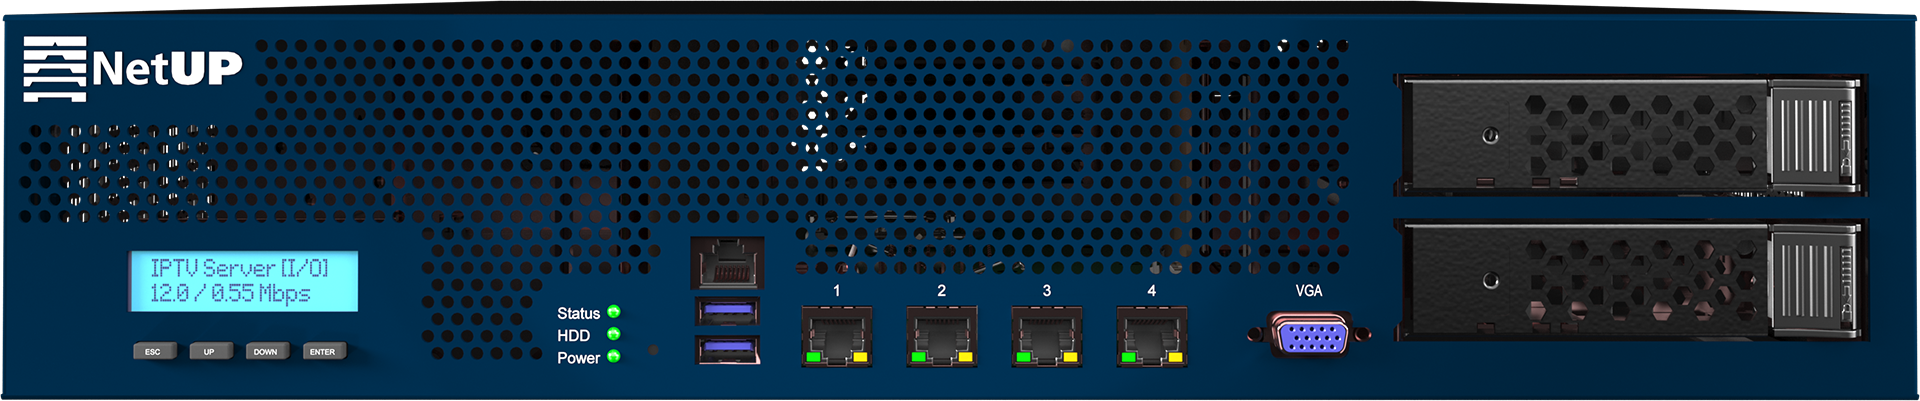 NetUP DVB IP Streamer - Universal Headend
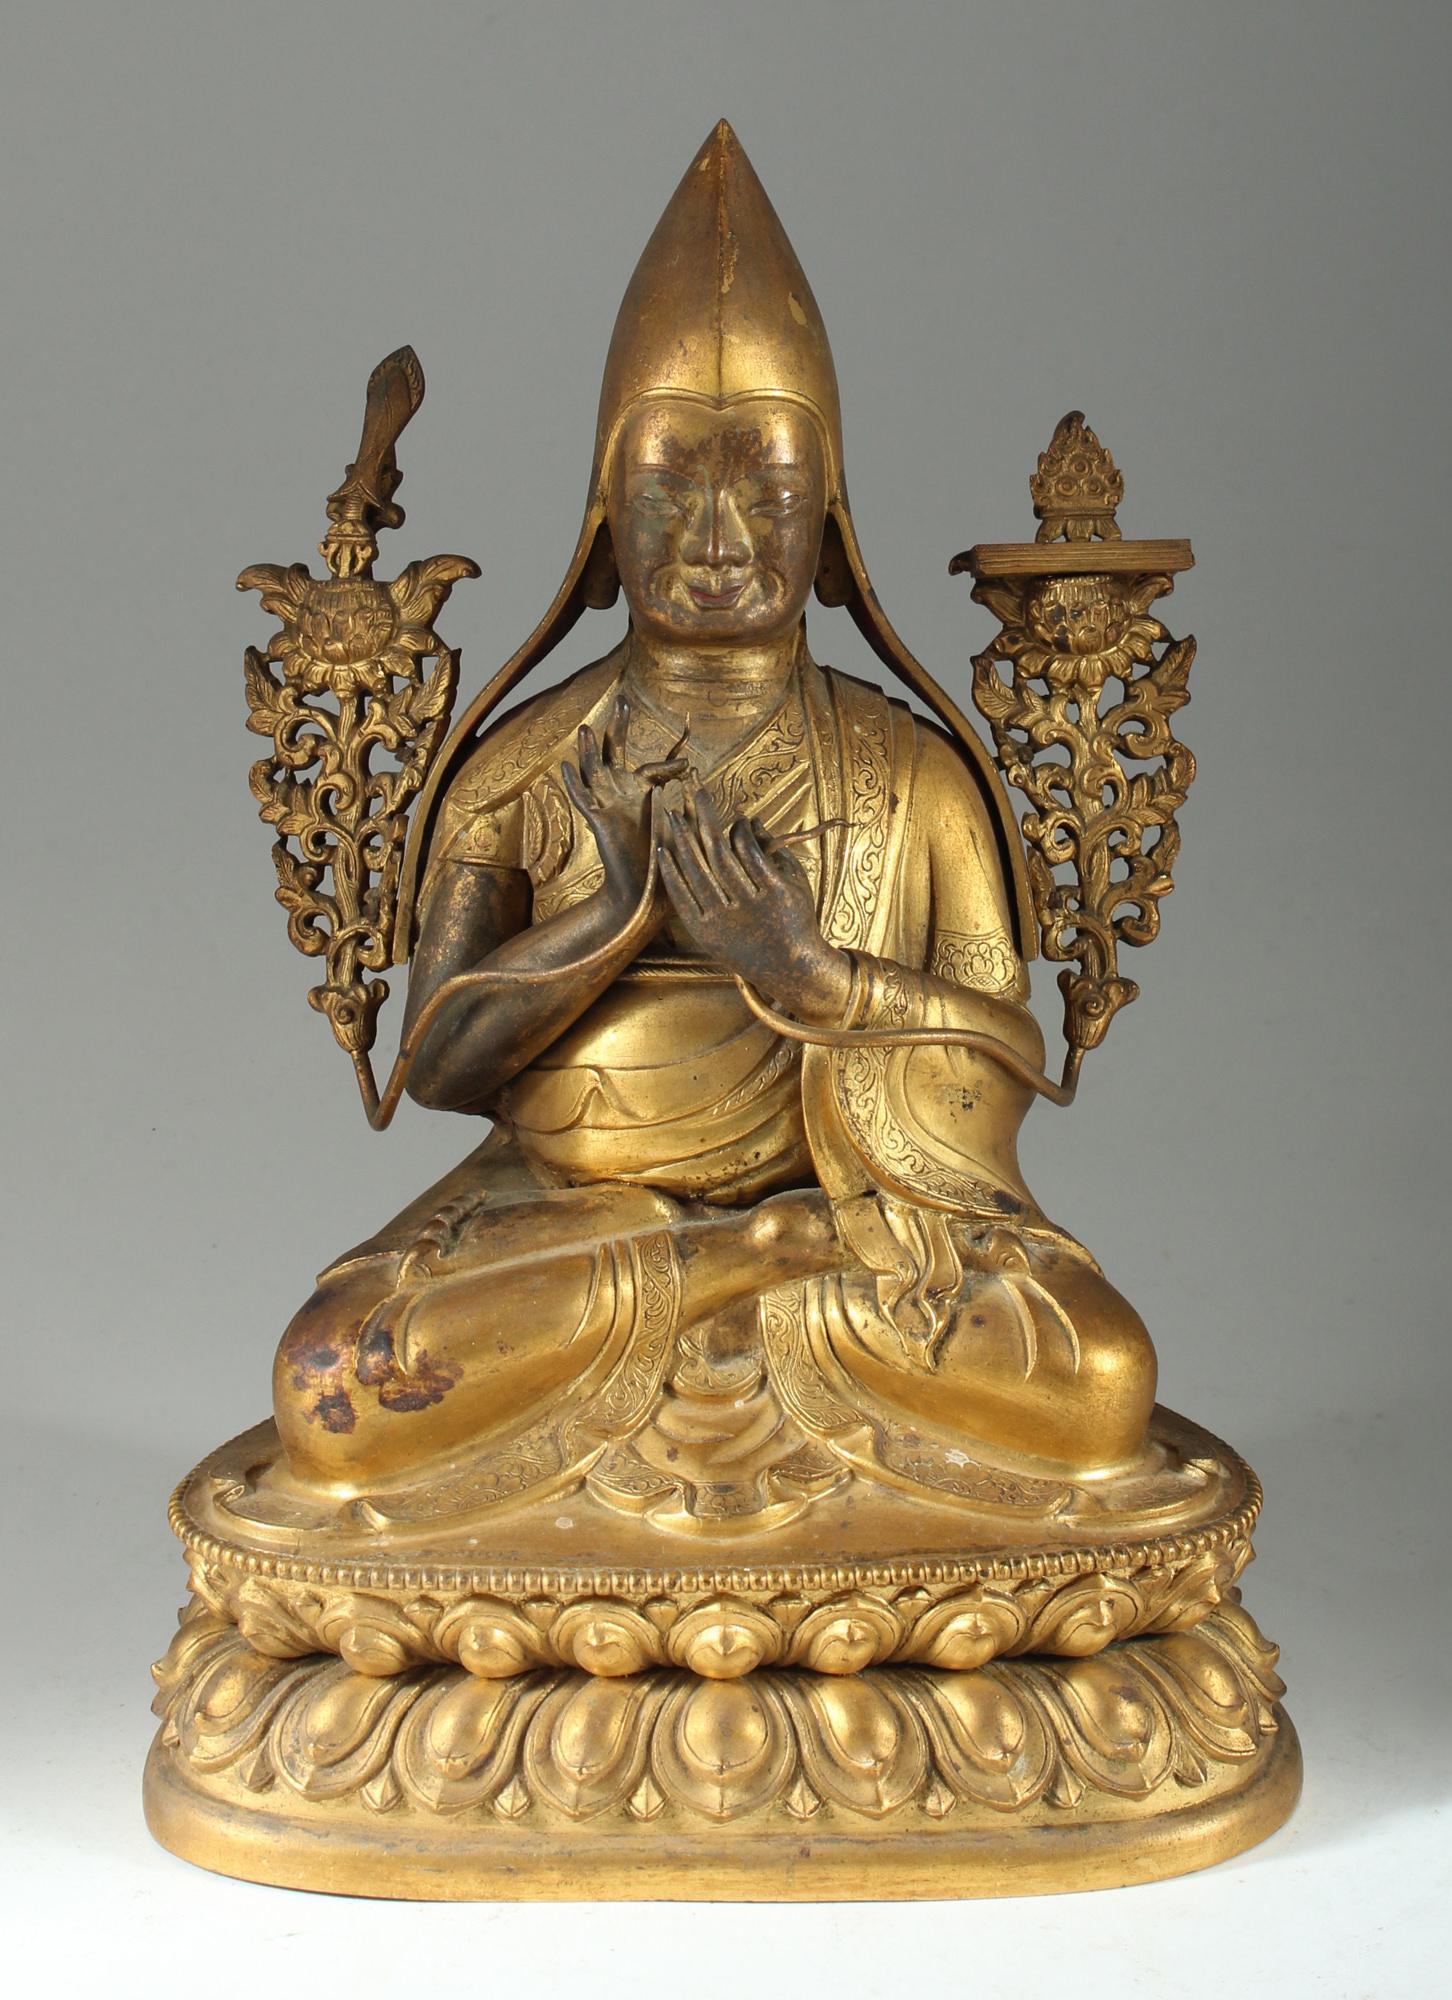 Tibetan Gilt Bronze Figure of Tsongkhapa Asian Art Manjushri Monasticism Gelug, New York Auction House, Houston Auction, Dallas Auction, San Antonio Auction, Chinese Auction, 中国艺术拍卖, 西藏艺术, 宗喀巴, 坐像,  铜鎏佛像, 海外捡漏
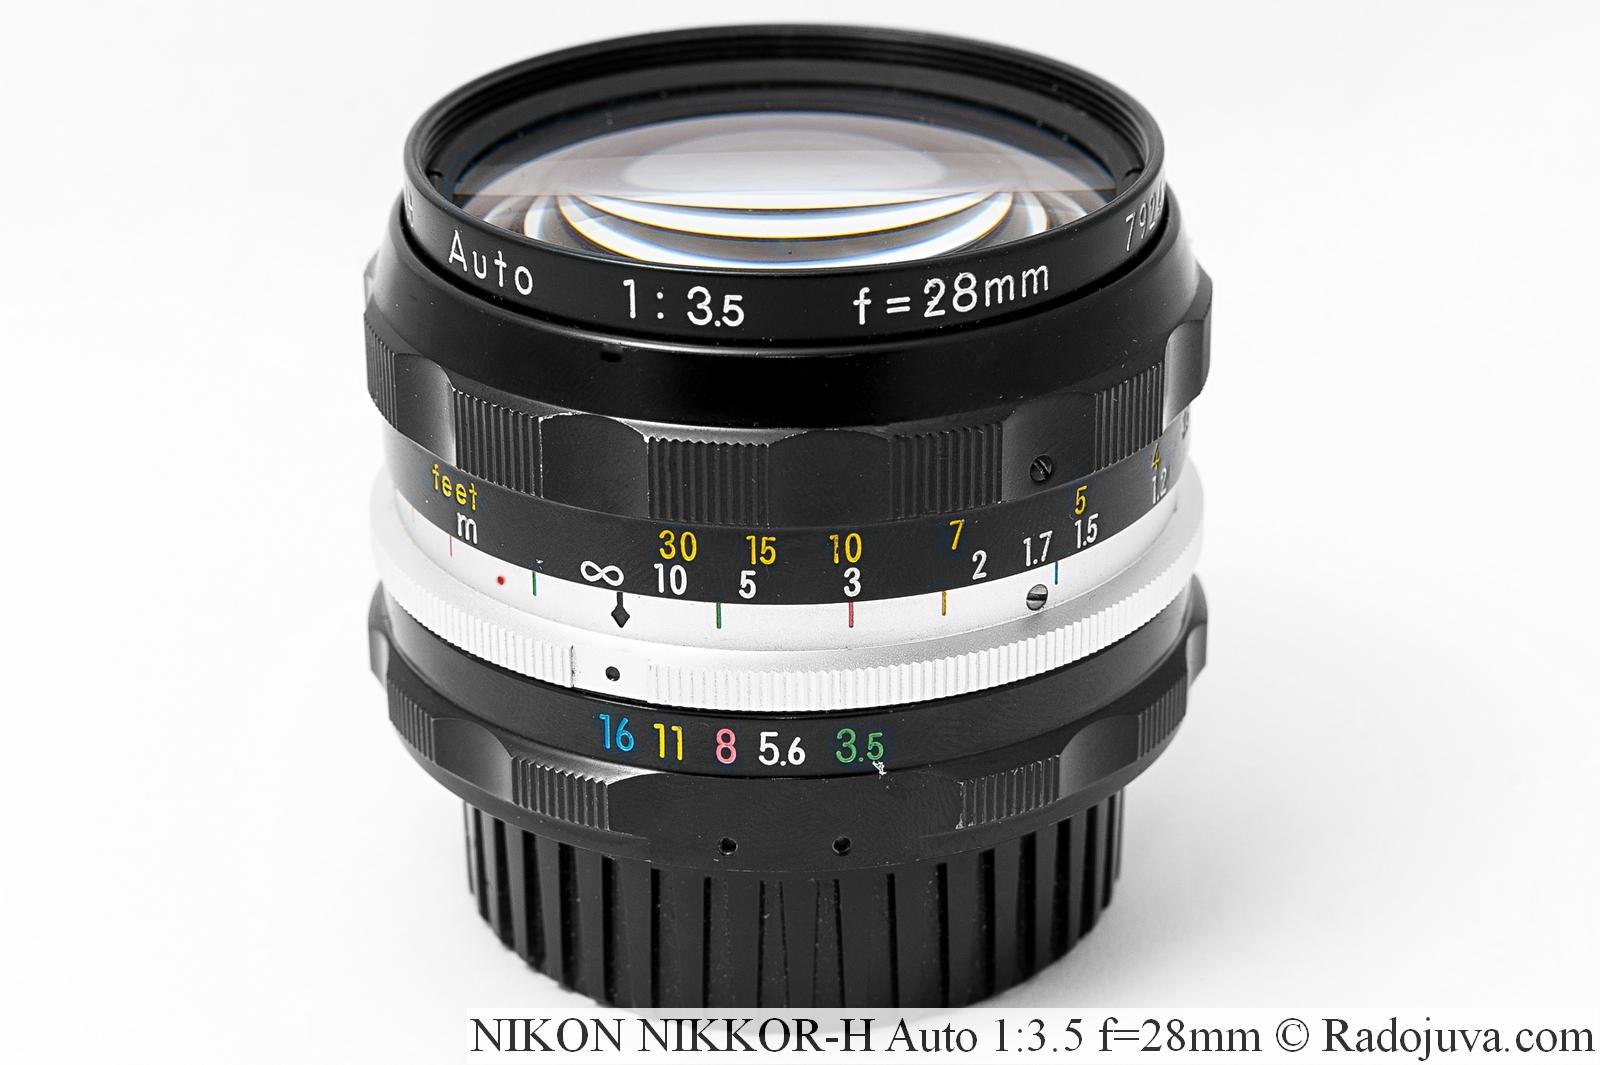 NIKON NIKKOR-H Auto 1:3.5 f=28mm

⁂

TASK TO CARRY OUT – Would you copy the lines from the one holding "Tibetan Gilt Bronze" down to the last line of the material, both included, exactly and with nothing added, skipping the pictures?

WRITTEN RESPONSE –
 Tibetan Gilt Bronze Figure of Tsongkhapa Asian Art Manjushri Monasticism Gelug, New York Auction House, Houston Auction, Dallas Auction, San Antonio Auction, Chinese Auction, 中国艺术拍卖, 西藏艺术, 宗喀巴, 坐像,  铜鎏佛像, 海外捡漏
 NIKON NIKKOR-H Auto 1:3.5 f=28mm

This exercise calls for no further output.